- _TASK DETAILS_: Return all the data exactly, keeping the pictures out.

- _DATASET EXTRACT_:
"""
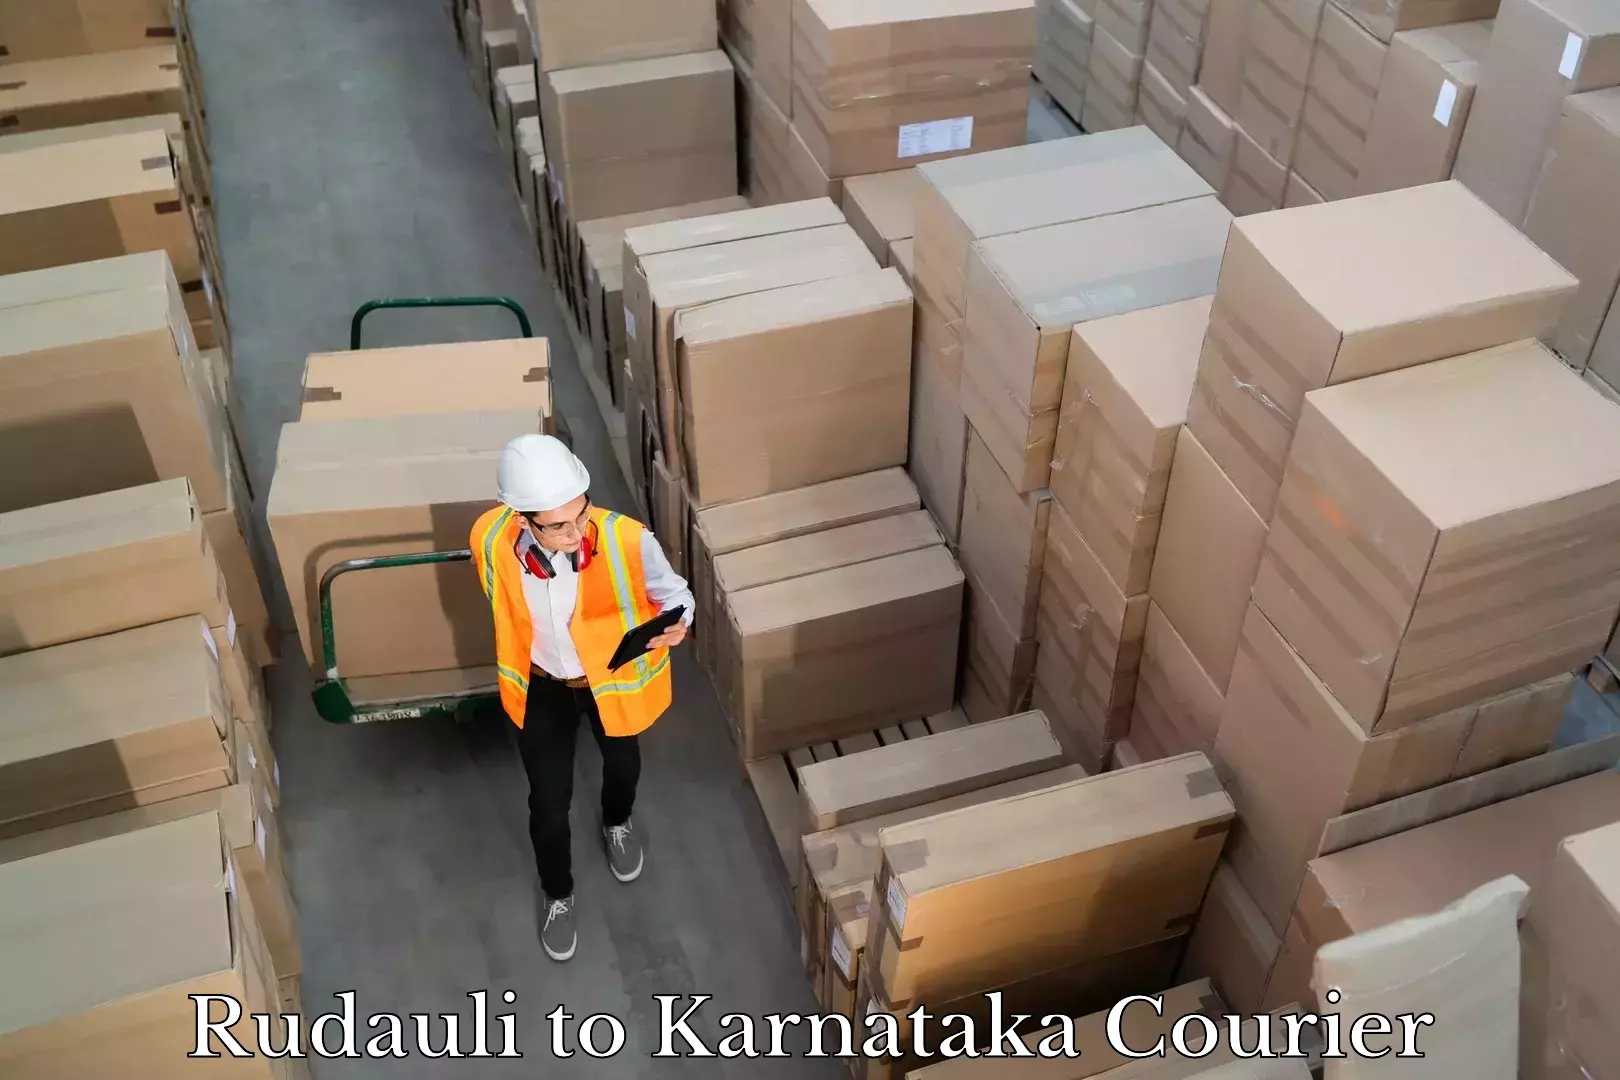 Nationwide courier service Rudauli to Karnataka
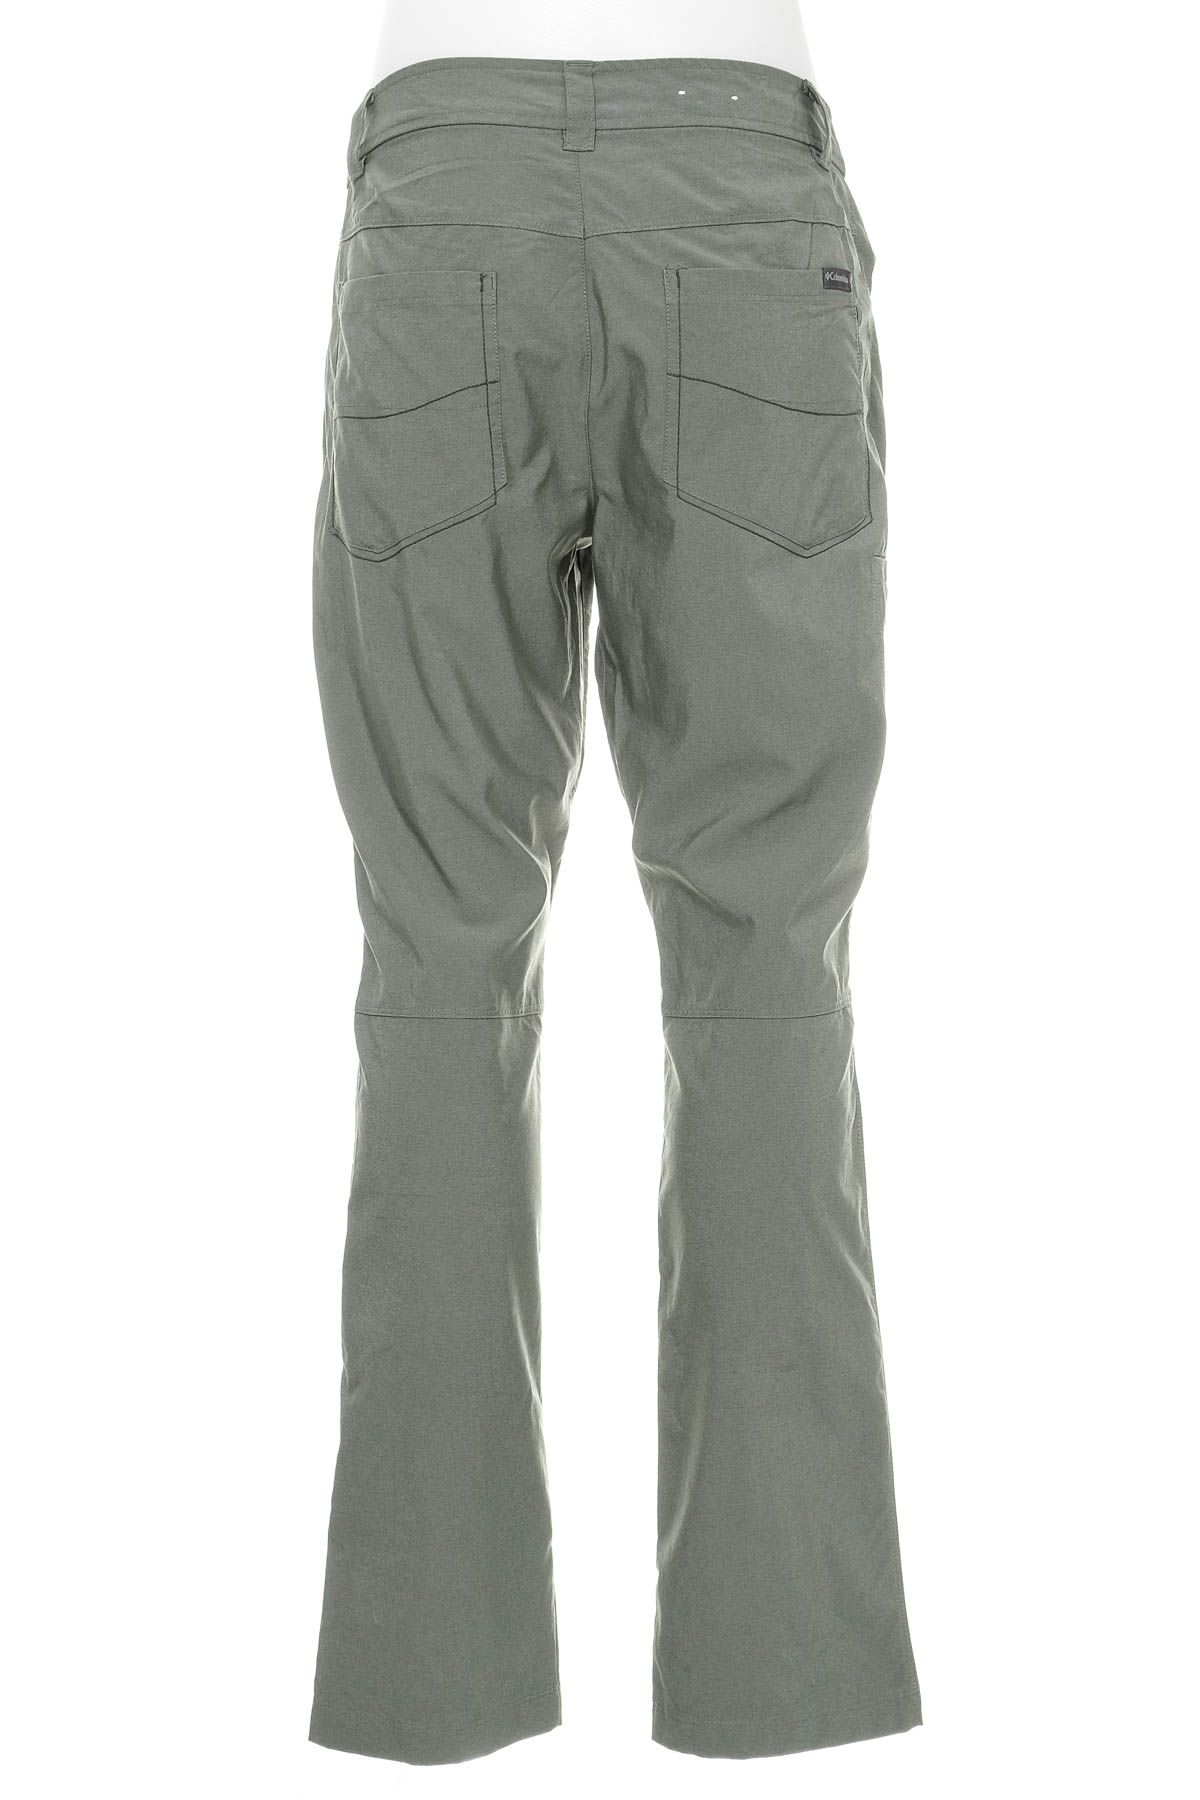 Pantalon pentru bărbați - Columbia - 1
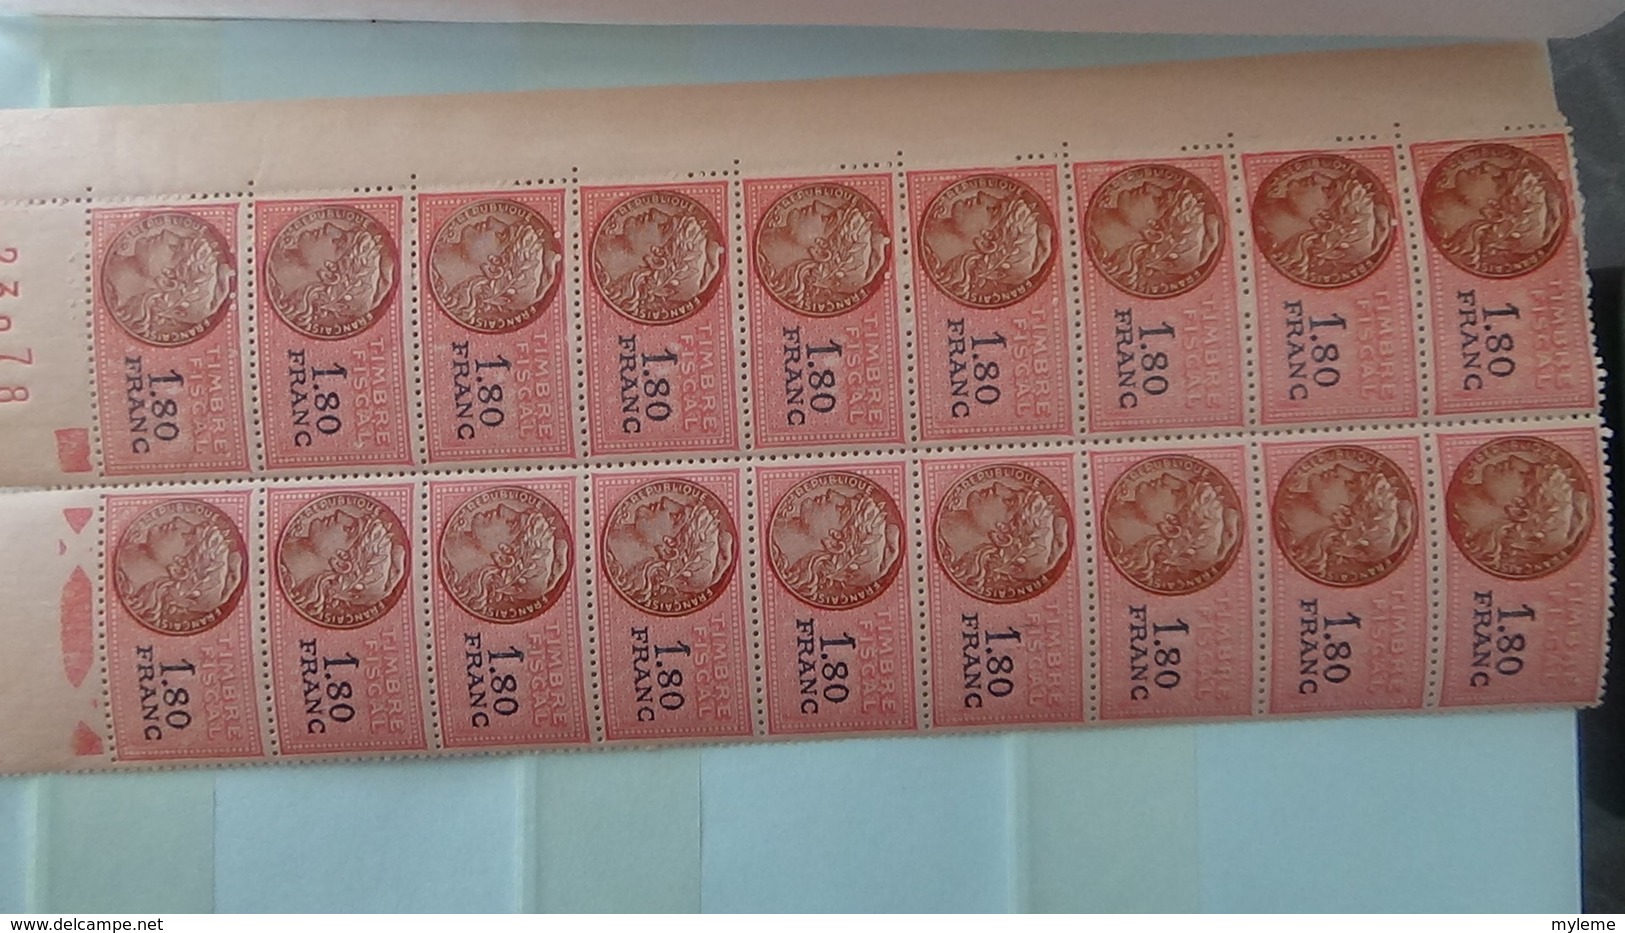 Carnet à choix avec 180 timbres fiscaux tous ** et coins datés. Pas commun !!!
"""
- _ANSWER_:
 Nationwide courier service Rudauli to Karnataka
 Pantalon pentru bărbați - Columbia - 1
 Carnet à choix avec 180 timbres fiscaux tous ** et coins datés. Pas commun !!!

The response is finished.